Picturing Onegin

Since his first appearance on the Met stage—as the Count in Le Nozze di Figaro—Peter Mattei has sung 150 performances with the company, becoming one of the Met’s great baritone stars in the process. During the 2016–17 season, which marked the 15th anniversary of his debut, he returned to the title role of Eugene Onegin, opposite the Tatiana of Anna Netrebko. He spoke to Mary Jo Heath about Tchaikovsky’s enigmatic antihero who professes love too late.

You are known as a real singing actor, and I would imagine that the role of Onegin is one that would excite the actor in you.
Not really! He’s difficult. I don’t know if even he himself knows what he’s going to do and how he’s going to behave. He’s so unpredictable—I don’t think he’s human sometimes. I have this idea that if you look at a picture of Onegin, it’s maybe 100 years old, and it’s a little blurry and it’s black and white, and there’s this beautiful young man—but who is he? I think the flesh and blood person is not easy to find. I’ve done the role several times now and he’s still a mystery. But I think that’s the way he has to be. He has to have this kind of picture quality around him. It’s not like singing Don Giovanni or the Count, where you know in your bones and your teeth who they are.

How do you convey that in your performance?

That’s what makes it so difficult to do. I don’t think he’s a whole person somehow. Something is missing in him, something he didn’t get when he was very little or something like that. It’s very difficult to talk about because it’s a kind of private dialogue between me and him, and you have to address it almost without words. When you get the character right, it is a wordless instruction you get from him somehow.

Do you think Onegin is truly in love with Tatiana?

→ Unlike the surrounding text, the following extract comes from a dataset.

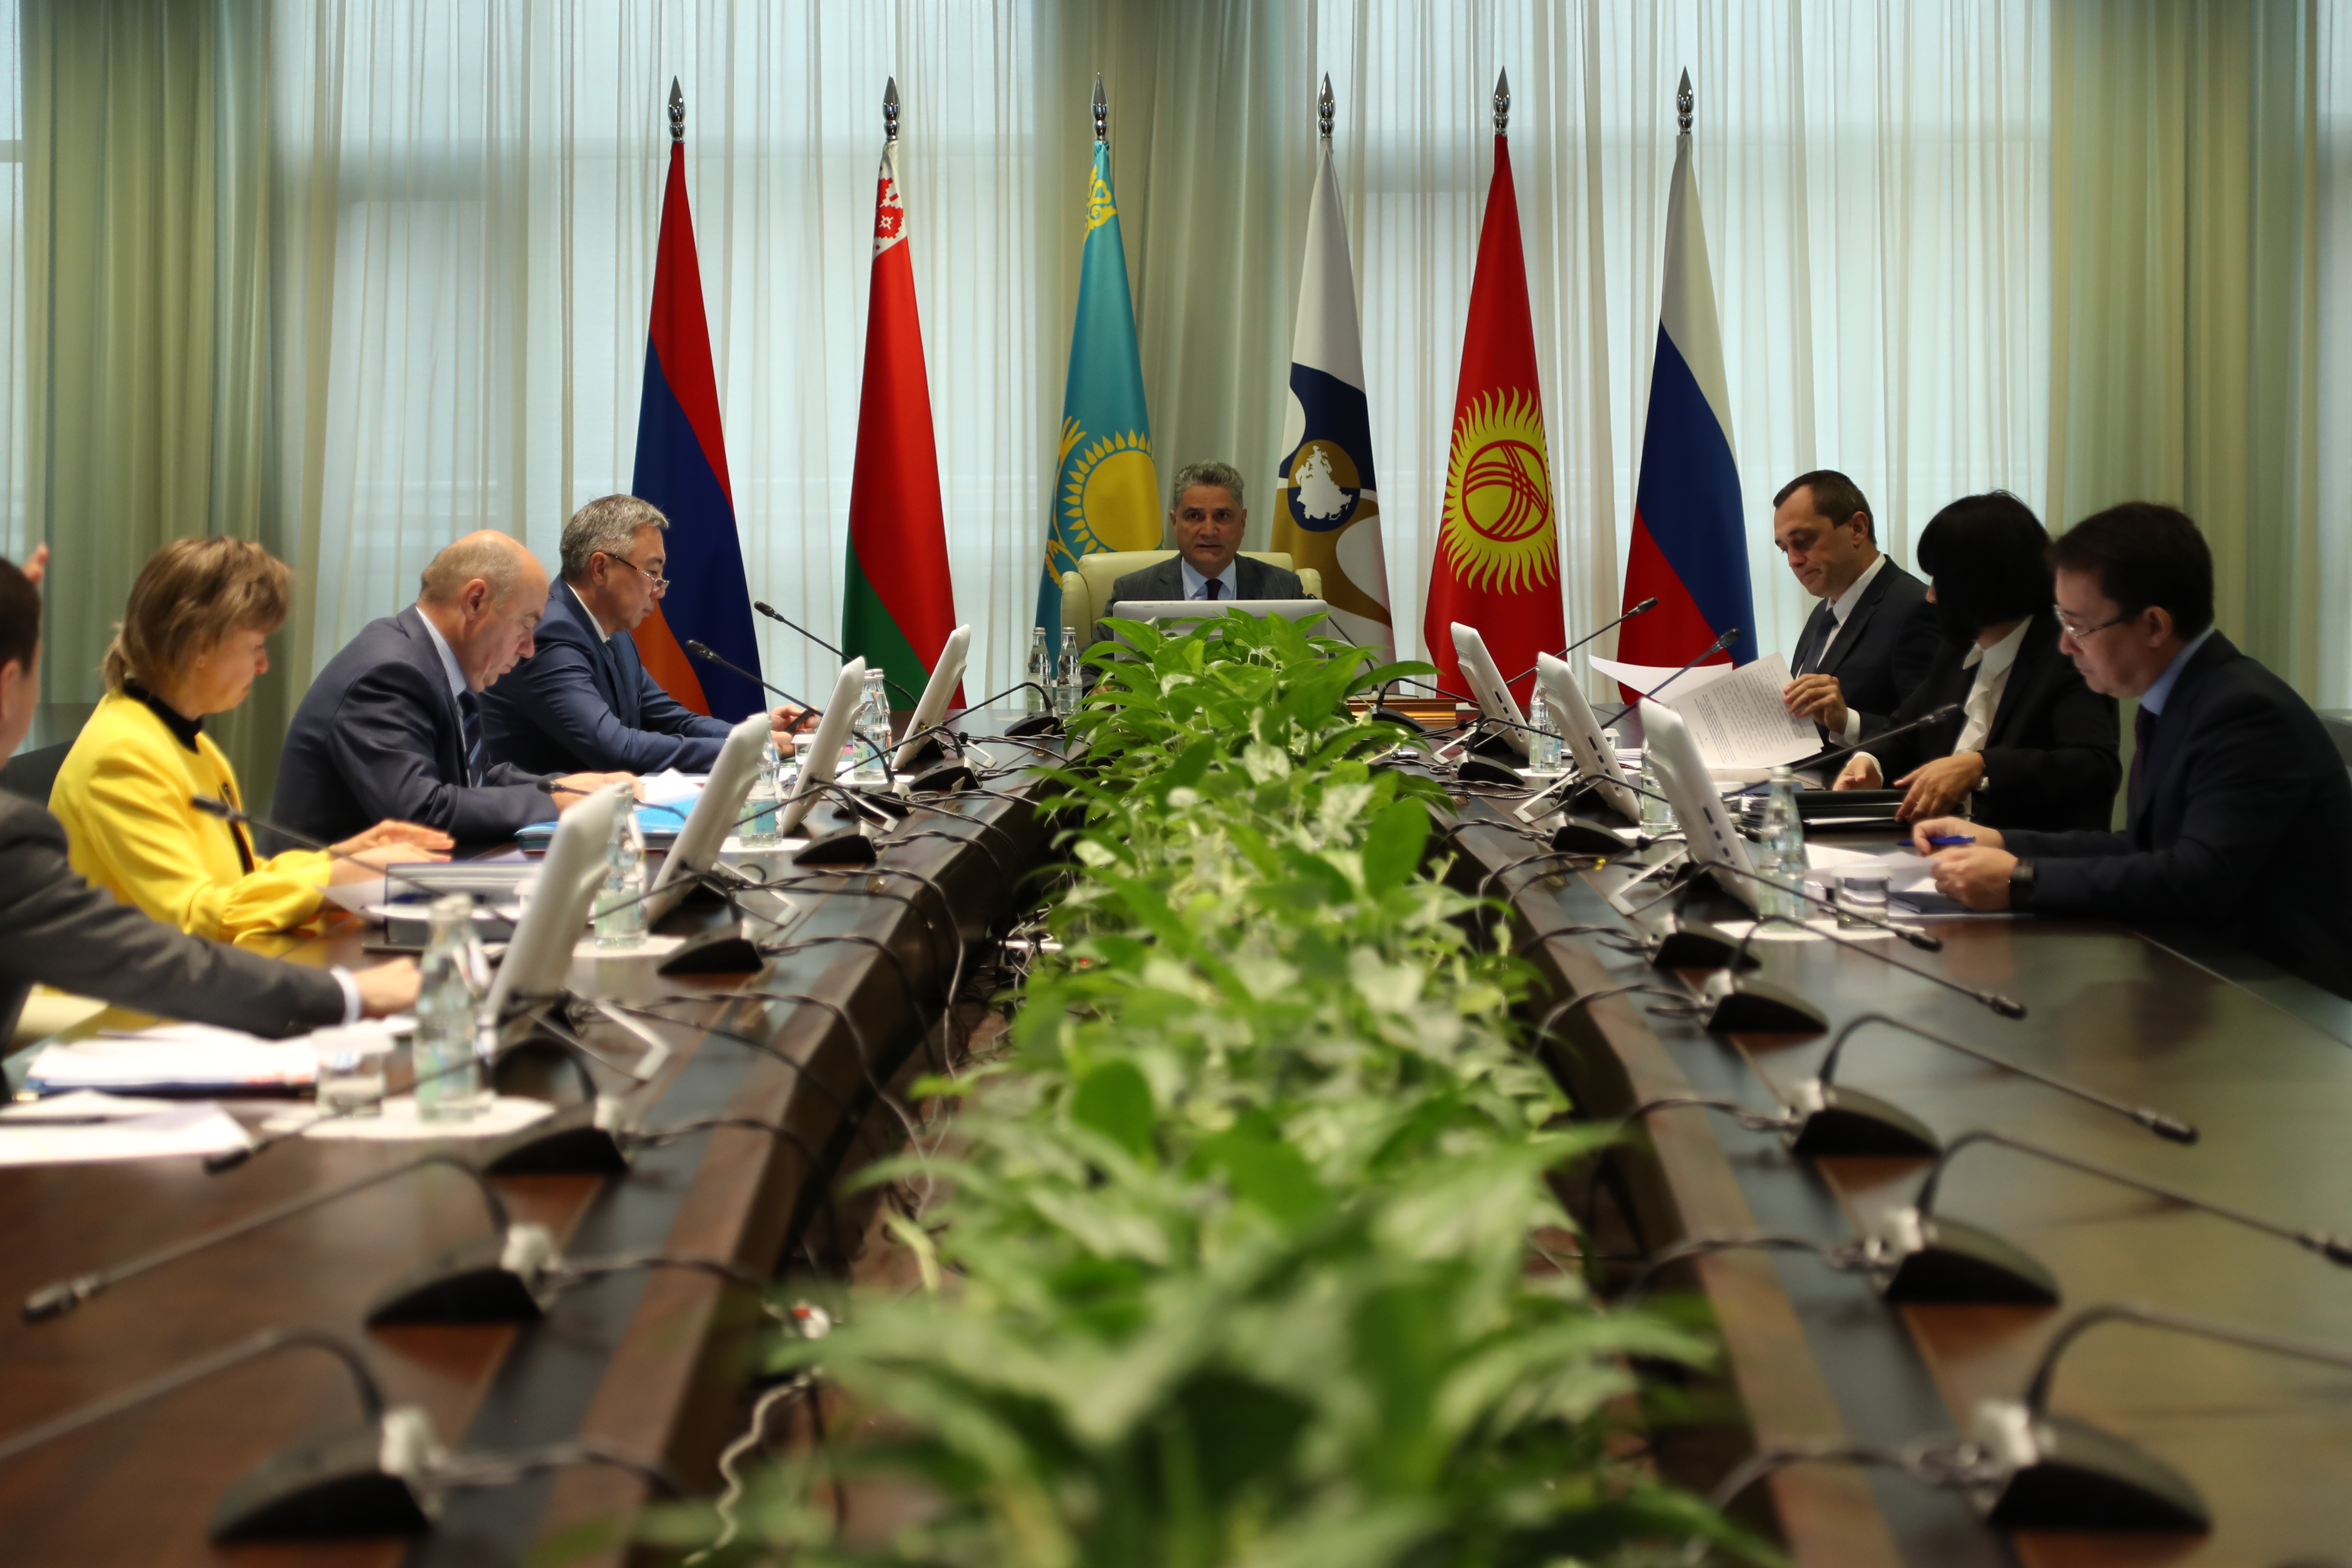 [Aug 9] Eurasian Economic Union (EAEU) Intergovernmental Council session held in Kyrgyzstan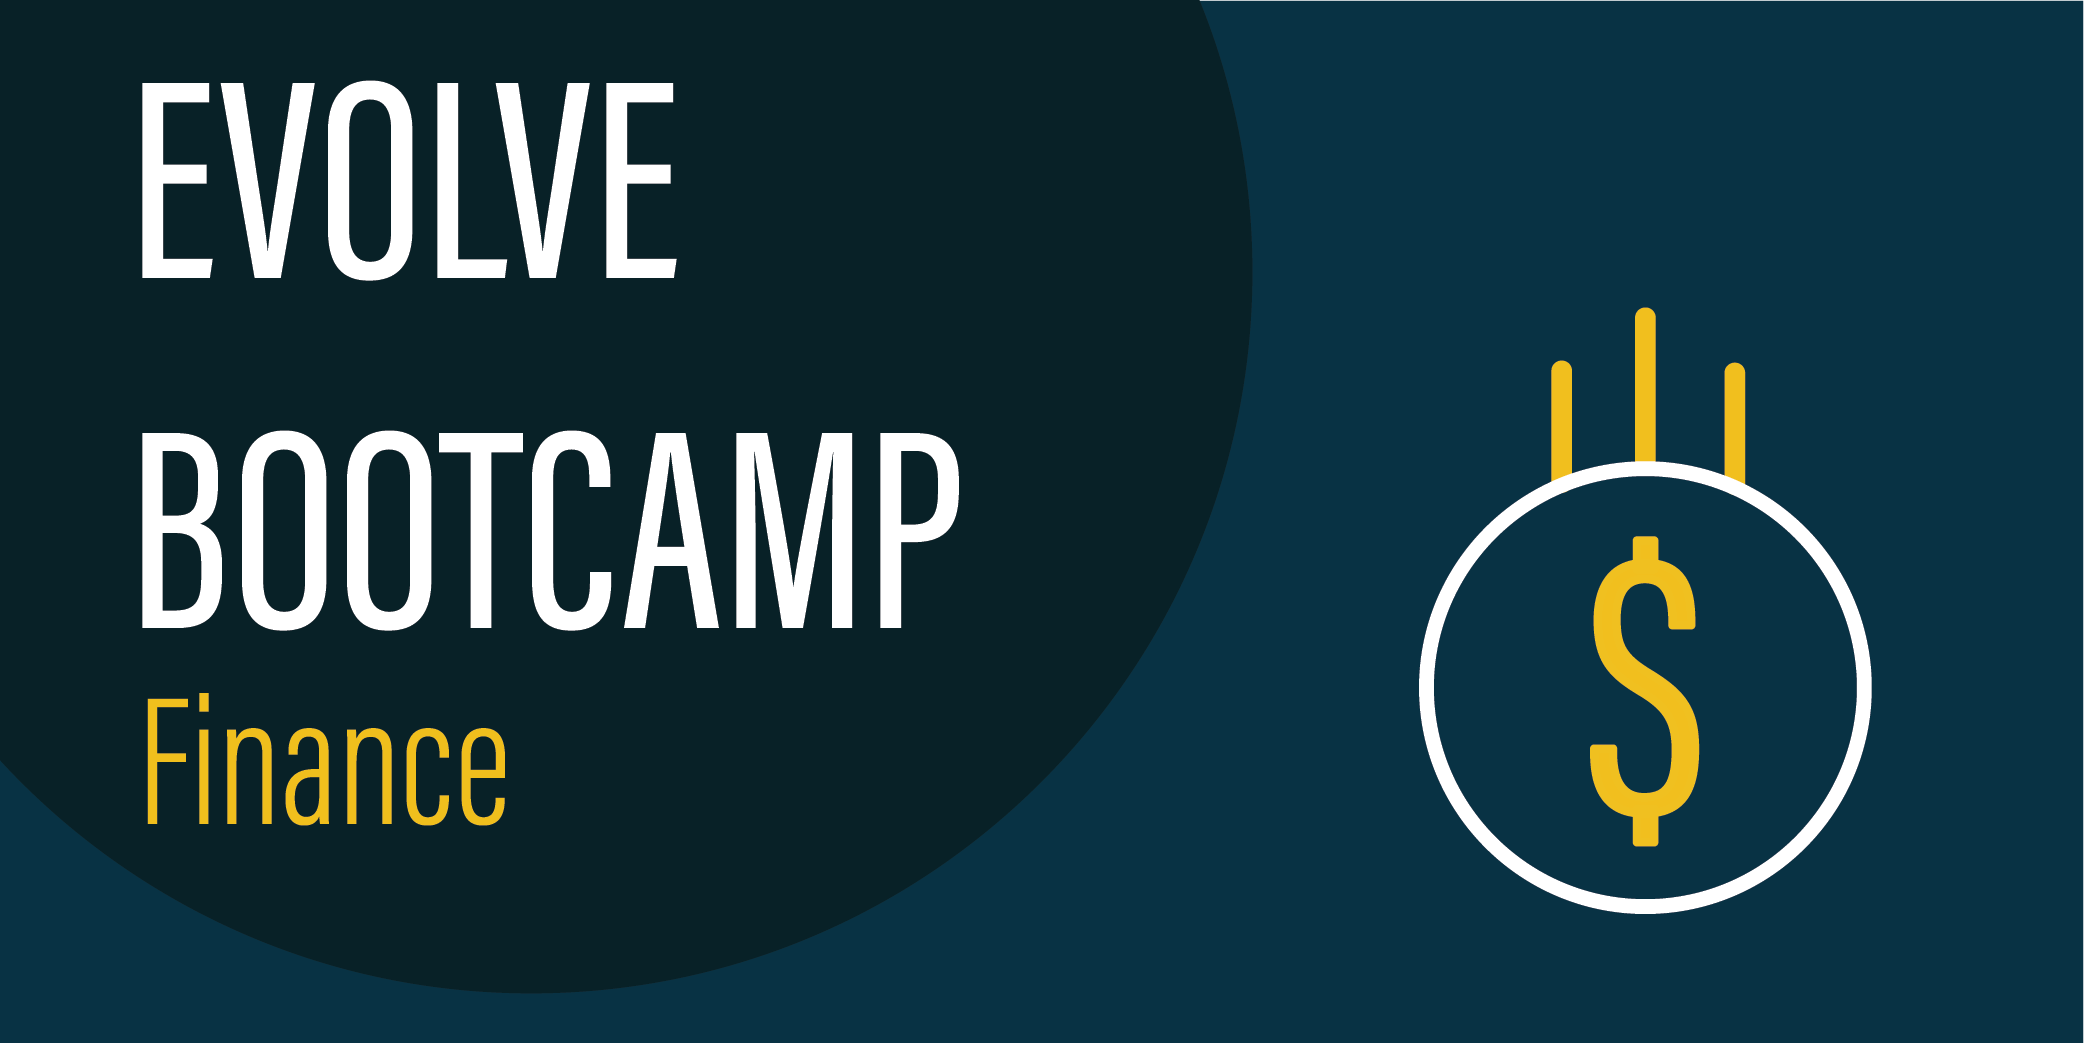 Evolve Bootcamp Finance

I think he knows somehow that it can never be with Tatiana, and that’s why he goes after her so strongly at the end. But it’s something that happens subconsciously. Inside, he knows it’s too late, he knows he cannot get her—he knows that maybe his life is over. So he goes after her, like in some last supernova, and he feels everything he hasn’t felt. But I don’t think he has the courage to do that if he knew that she might stay with him. But this is just my way of dealing with the character, how he makes sense to me.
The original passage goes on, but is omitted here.